Теперь дело двигалось гораздо медленнее. При помощи паровой машинки и скребка управляться было трудно. Казалось, кто-то специально задумал все это: он рассчитал, что она быстро найдет рисунок, а вскоре после этого почувствует, как у нее уходят силы.

Подобная догадка могла прийти в голову только автору приключенческих романов, подумала Хейли и снова рассмеялась, уже спокойнее. Тем не менее оставшиеся полосы обоев, точно такие же, как предыдущие, в конце концов отвалились. Интересно, что было бы, если б она начала с противоположного угла комнаты?

К вечеру Хейли совершенно обессилела. Зато к этому времени компьютер просох, и она могла начать работать, если бы ей было что написать. Хейли попыталась читать, но рисунок на ободранной стене, огромный и назойливый, постоянно приковывал ее внимание. В мазках неизвестного художника ощущалась решительность и непреклонность. Восклицательный знак в конце фразы был прочерчен с особой силой, а из точки вниз тонкой струей подтекла краска, и это напоминало черную слезу, струящуюся по стене.

В десять часов вечера «Сонина кухня» закрывалась. Хейли дождалась, когда в холле послышались тяжелые шаги Фрэнка, и открыла дверь как раз в тот момент, когда он отпирал свою квартиру.

– Фрэнк! – позвала она. – Не можете ли зайти ко мне на минутку?

– Я вас предупреждал, что работа будет адская. Так и вышло? – спросил он, протискиваясь в дверь мимо Хейли. Злорадная улыбка на его пухлом лице явно означала: «Ну, что я вам говорил!»

Оказавшись в комнате и увидев рисунок на стене, он вдруг замер и, невольно вскинув руку, прошептал:

– Боже праведный!

– Рисунок находился под обоями. Как вы думаете, что он означает? – поинтересовалась Хейли.

Несколько мгновений Берлин молчал, не в силах отвести взгляд от картины.

– Эта комната находилась под защитой. Змея – символ удачи. Близнецы – тоже.

– Вуду?

Берлин утвердительно кивнул:

– Это она нарисовала. Кроме нее – некому, но я не знаю, как она это сделала. Этим обоям больше двадцати лет. Восемь лет прошло только с того времени, как эту комнату снимал Морган.

– Над картинкой обои легко отстали от стены. Должно быть, их уже снимали, а потом приклеили снова.

– И никто ничего не знал. Да, это на нее похоже! – От легкомысленного тона Берлина не осталось и следа, словно женщина, о которой он говорил, – кем бы она ни была – перехитрила его.

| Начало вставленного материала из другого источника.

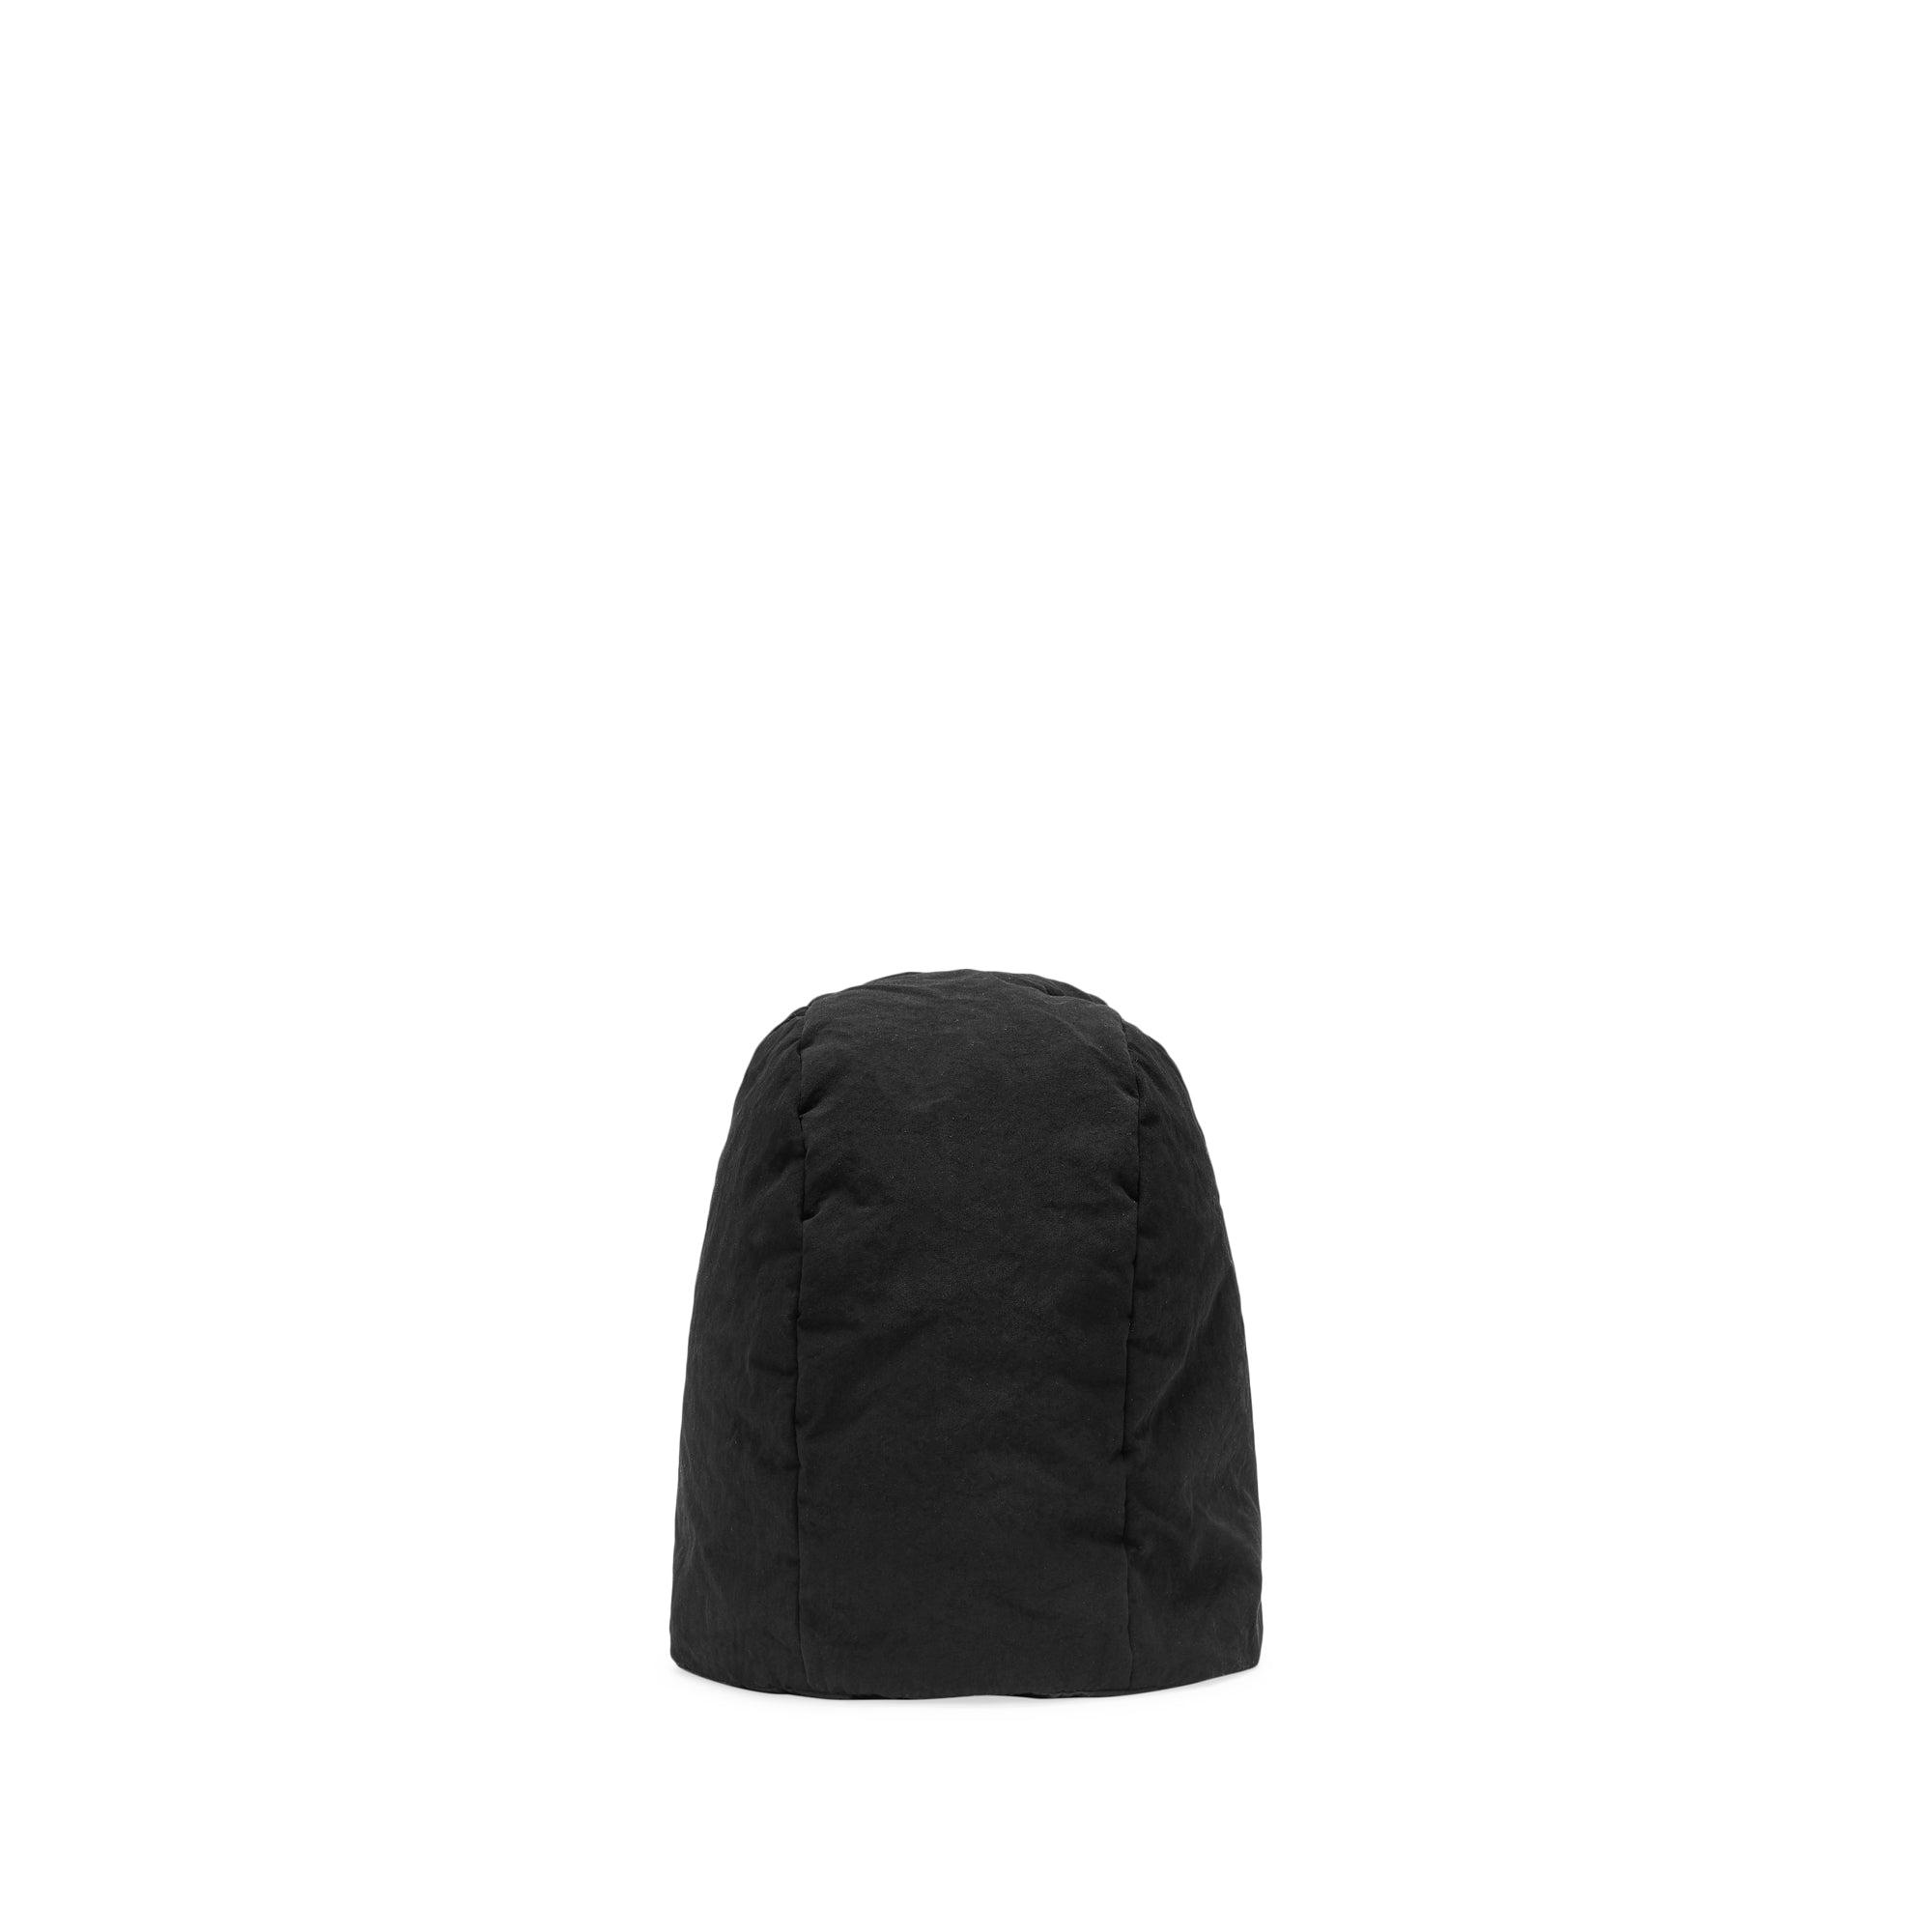 Casey Casey Men's One Paper Cotton Hat (Black) by CASEY CASEY

– А кто такой Морган? – спросила Хейли.

– Ее любовник. Он покончил с собой.

– Здесь?

– Да. – Берлин указал пальцем на потолок. – Тут раньше висела тяжелая хрустальная люстра. Много лет назад крепление начало разбалтываться, и моя тетка велела вставить в гнездо дополнительный крюк, чтобы люстра не сорвалась. Морган продел веревку через этот крюк и повесился.

– А вы знаете почему?

Фрэнк ошеломленно взглянул на нее испуганными глазами. Хейли пояснила:

– Теперь это моя комната. Если здесь произошла какая-то трагедия, думаю, я имею право об этом знать. – Она прикоснулась к висевшему на шее амулету, давая понять, что верит в существование духов и что, если он ей не расскажет все, она найдет того, кто это сделает.

Берлин вдруг рассмеялся. Хейли поняла, что он старается хоть как-то разрядить обстановку, но у него ничего не получилось. Они оба были слишком взвинчены.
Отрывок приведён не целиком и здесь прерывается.